Por conseguinte, pelo estudo deste livro, comprovamos que não se trata duma consideração desconexa, ou sem objetivo, mas dum discurso com um objetivo e um tema, e que nenhuma parte pode ser plenamente entendida sem o estudo do livro como um todo e o conhecimento de seu objetivo. Paulo destaca a benignidade imerecida de Deus mediante Cristo e ressalta que é somente por tal benignidade imerecida de Deus, conjugada com a fé do crente, que os homens são declarados justos; ele comenta que nem o judeu nem o gentio tem base para jactância ou para elevar-se sobre o outro.

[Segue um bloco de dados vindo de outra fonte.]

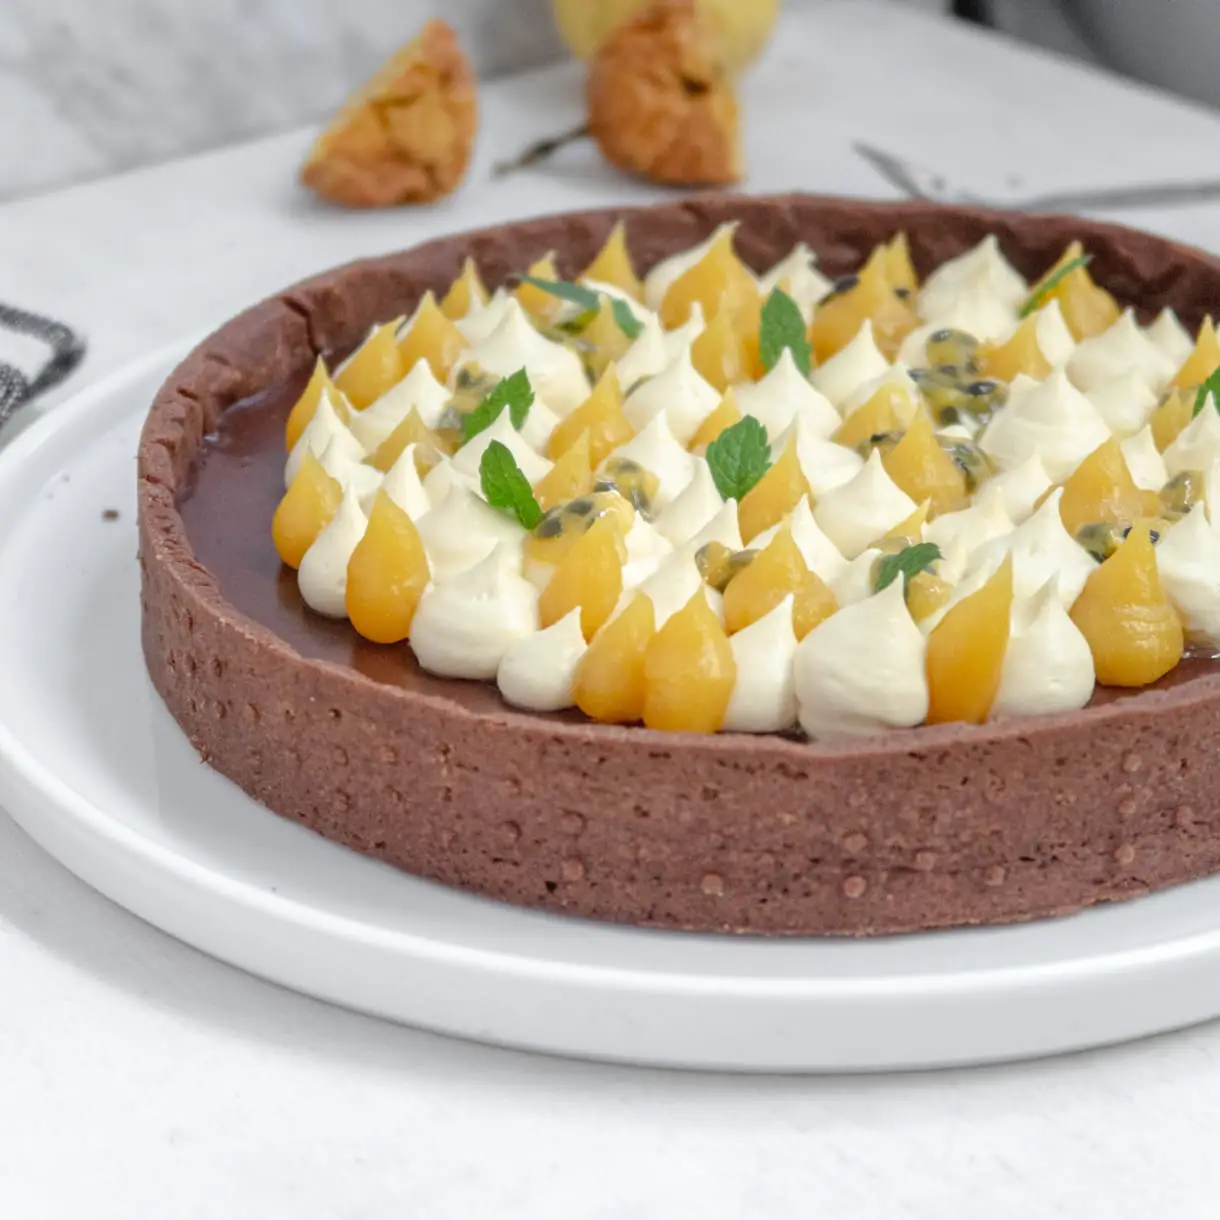 Vegan dark chocolate ganache-filled tart topped with passionfruit white chocoalte whipped ganache and passionfruit curd.

Avisa estritamente os cristãos gentios que não devem ficar orgulhosos por se terem beneficiado de os judeus não terem aceitado a Cristo, visto que a queda dos judeus permitiu que os gentios tivessem a oportunidade de ser membros do “corpo” de Cristo. Ele diz: “Eis, portanto, a benignidade e a severidade de Deus. Para com aqueles que caíram, há severidade, mas para contigo há a benignidade de Deus, desde que permaneças na sua benignidade; senão, tu também serás cortado fora.” — Romanos 11:22.


Lendo Romanos

Romanos tem sido tratado com ênfase em caps. 1-8 e temas como pecado e graça; justiça/justificação; fé como crença, confiança, obediência e fidelidade de Deus às promessas divinas; paz com Deus e outras bênçãos da nova vida em Cristo, incluindo o Espírito. Caps. 9–11, sobre Israel ou teodiceia (justificando que a palavra de Deus não falhou), às vezes foram vistas como intrusivas ou um tema subsidiário. Freqüentemente, as declarações sobre a predestinação (a partir de 8:29; cap. 9) têm sido a principal preocupação dos intérpretes. Mais recentemente, o foco tem sido a “história da salvação” (Adão, Abraão, Moisés, Cristo) e a aplicação aos judeus (na conversação inter-religiosa), de modo a fazer caps. 9–11 o centro da letra inteira. Os ensinamentos éticos no caps. 12–15 às vezes tem sido o foco de atenção - Paulo quer mostrar como o seu evangelho funciona no serviço sacrificial dos cristãos, não para Deus, mas para os outros no mundo do trabalho (12:1–2). Mesmo que as exortações em 12:3-21 pareçam gerais, não surgindo diretamente do tema da justificação, elas repousam em tudo o que foi dito em 3:21–8: 39 (12:1: “portanto”, “por as misericórdias de Deus” enumeradas nos capítulos anteriores). CH. 13, sobre o estado, reflete o contexto em que Paulo escreve e caps. 14-15 abordam problemas reais em Roma de integrar igrejas domésticas divididas. “Acolher-se mutuamente” (15:7) pode então ser chamado de clímax para o qual Paulo constrói sua apresentação. Ou o objetivo é unir-se pela missão à Espanha?

Diferentes épocas e intérpretes viram diferentes aspectos de Romanos como especialmente pertinentes. Uma leitura equilibrada considera o todo como coerente, à luz - e como um desenvolvimento - do tema de Paulo (1:16-17) sobre a justiça, o Cristo de Deus e a fé.